哈佛大学医学院(3 个空格,24 种排列)
编辑距离 - 17
与“斯坦福医学院”(Levenshtein 距离 5)相比,
哈华医学院与哈沃医学院的 LD 为 6。仍然允许斯坦福大学出现错误,但排名更接近,因此您可以建立像删除单词这样的事情(在这种情况下删除“of”只会得到 3 的 LD)
按空间排列单词的性能是 O(n!),删除单词是 O(n+m),其中 n,m 是每个单词中的单词数短语,除非您想删除多个单词,反之亦然,否则您只能选择删除少于 4 个字母的单词,或介词/形容词列表中的单词等。Levenshtein
的性能在其维基百科页面上进行了解释。
If you need to find misspellings while re-arranging words, I find that taking the word with least spaces and permuting its split array back into strings of rearranged same words in different order, then running Levenshtein on the new words and the second phrase works great!
Harward Medical School (2 spaces, 6 permutations)
Harward School of Medicine (3 spaces, 24 permutations)
Levenshtein distance - 17
Compare to, say, "Stanford School of Medicine" (Levenshtein distance 5)
Harward School Medical vs. Harward School of Medicine has LD of 6. Still allowing a mistake to Stanford, but MUCH MUCH CLOSER up the rank, so you can build in things like dropping words (dropping "of" in this case gets LD of only 3)

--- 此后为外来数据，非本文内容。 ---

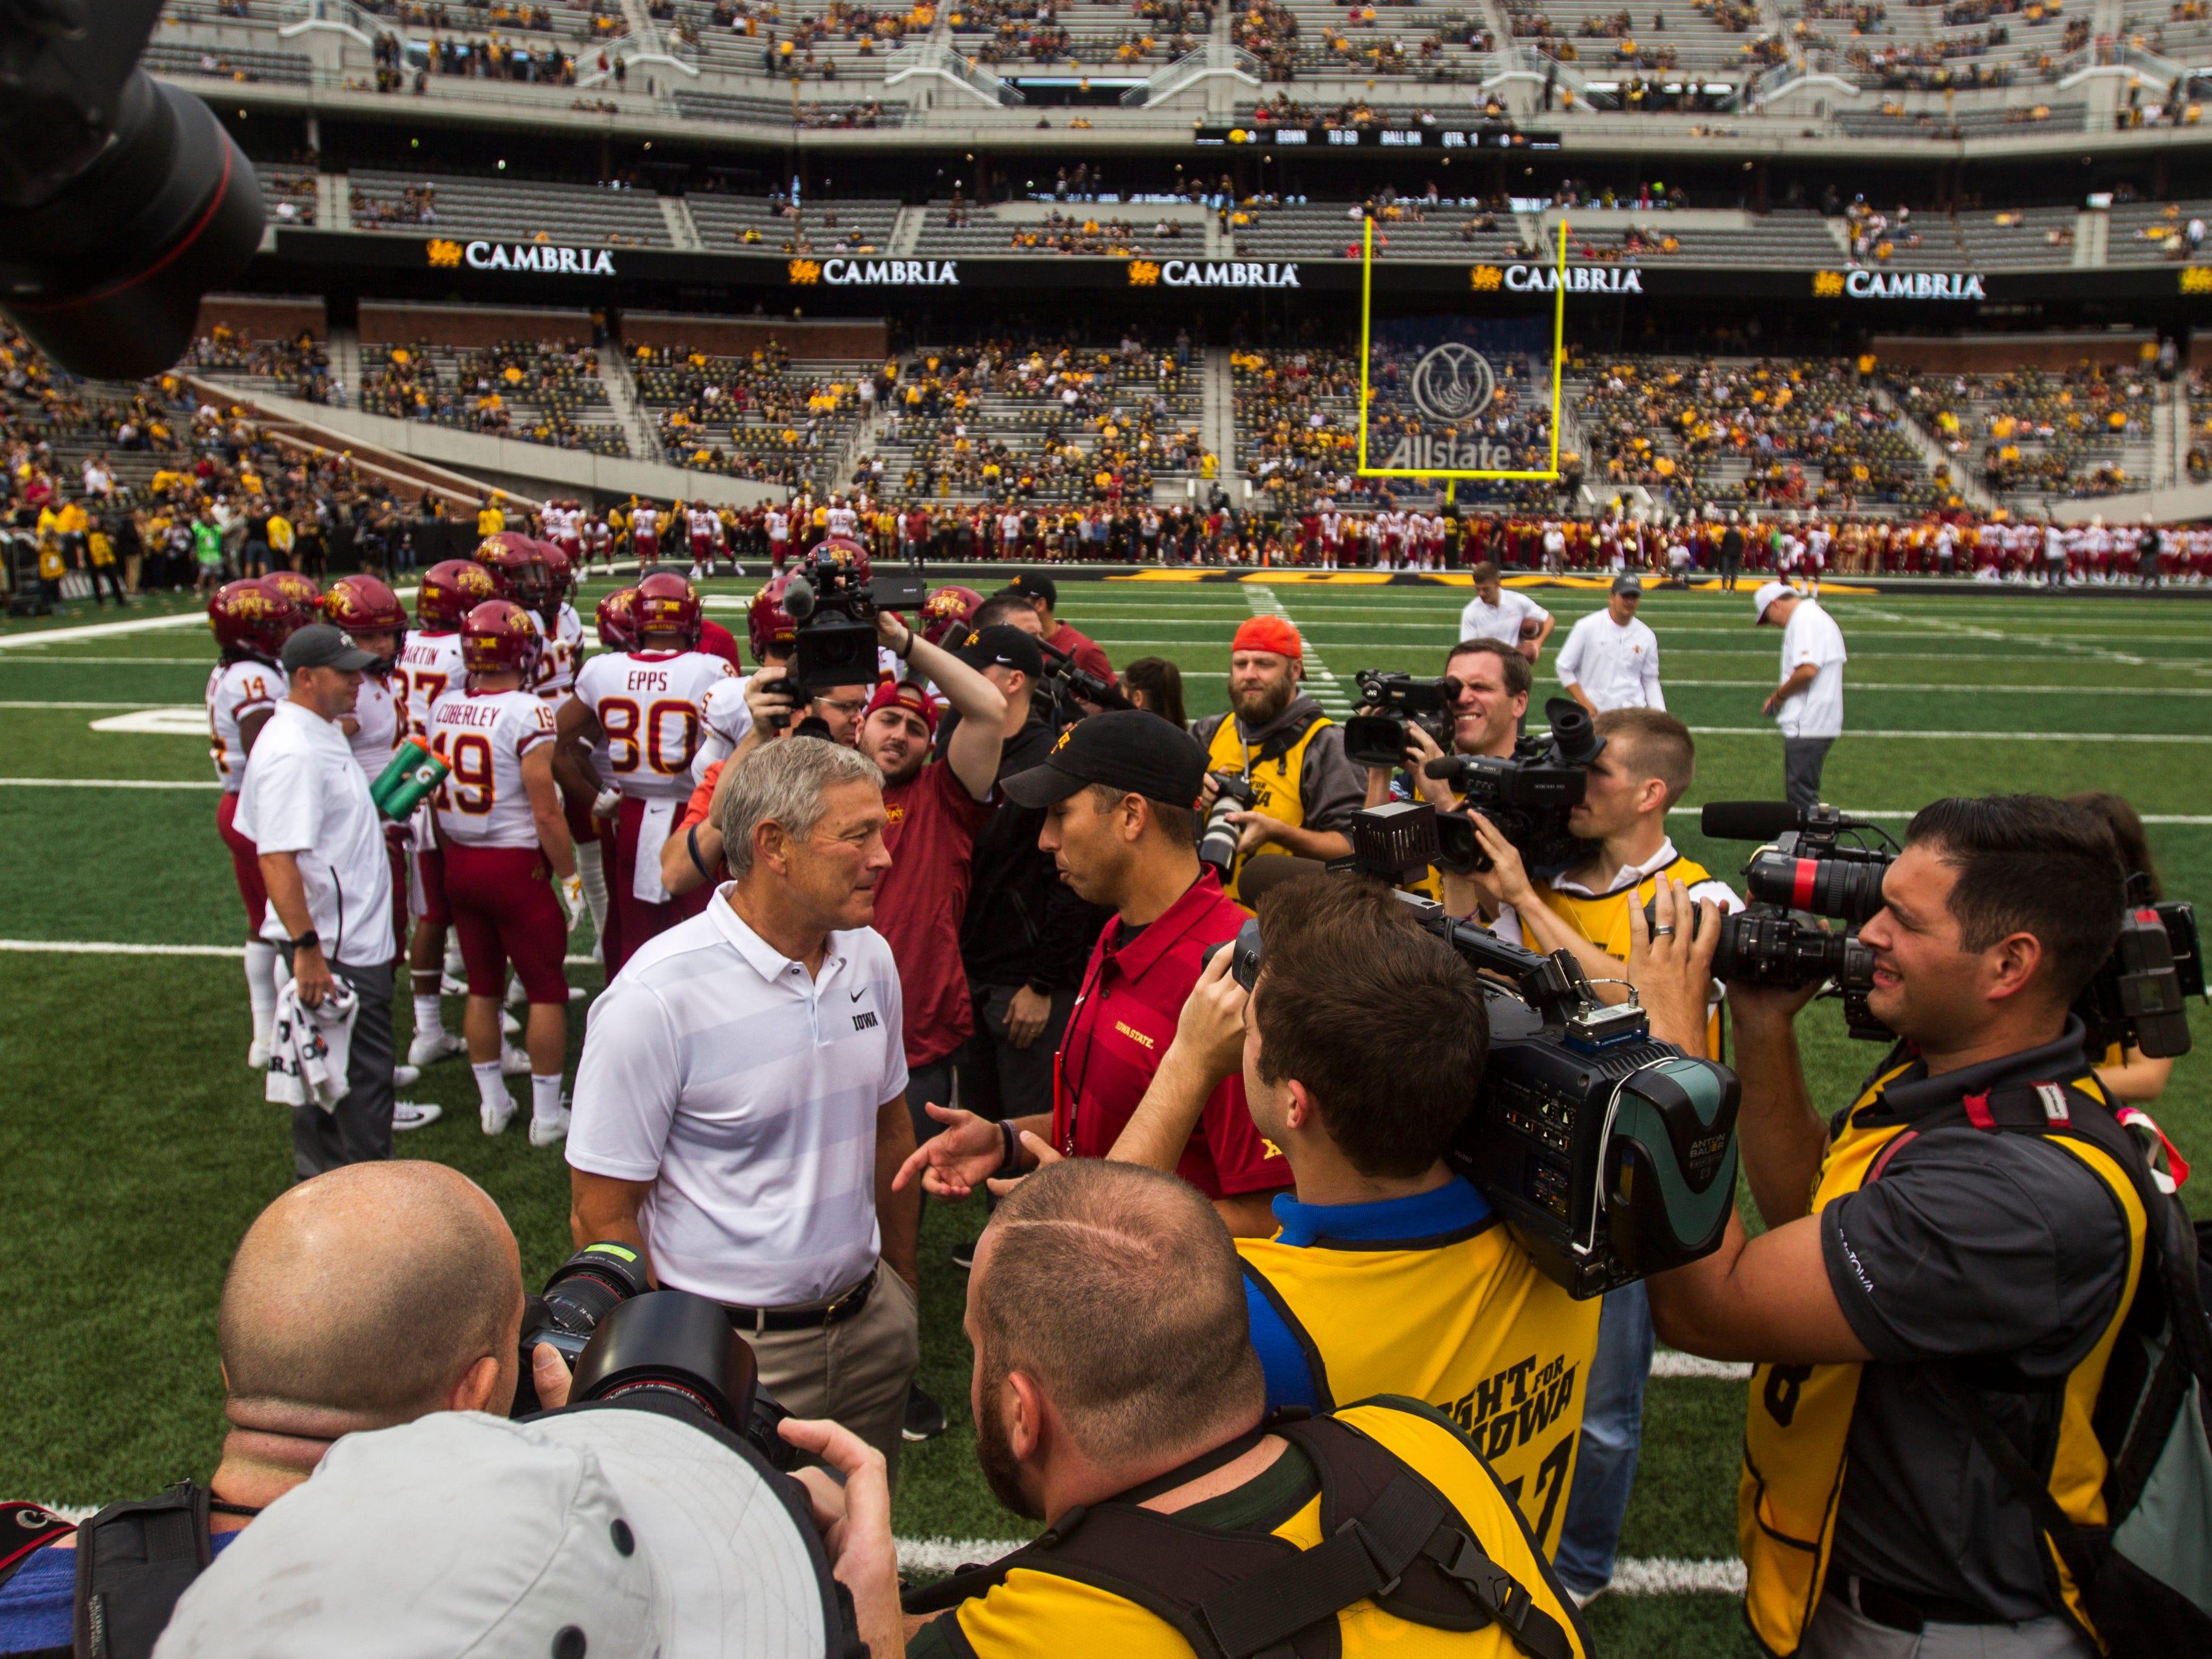 Iowa head coach Kirk Ferentz and Iowa State head coach Matt Campbell meet a midfield before the Cy-Hawk NCAA football game on Saturday, Sept. 8, 2018, at Kinnick Stadium in Iowa City.

Performance of permuting words by space is O(n!), dropping words is O(n+m) where n,m are numbers of words in each phrase, unless you want to drop more than one word, or vice versa, you can only opt to drop words with fewer than 4 letters, or words from preposition/adjective lists, etc.
Performance of Levenshtein is explained on its wikipedia page.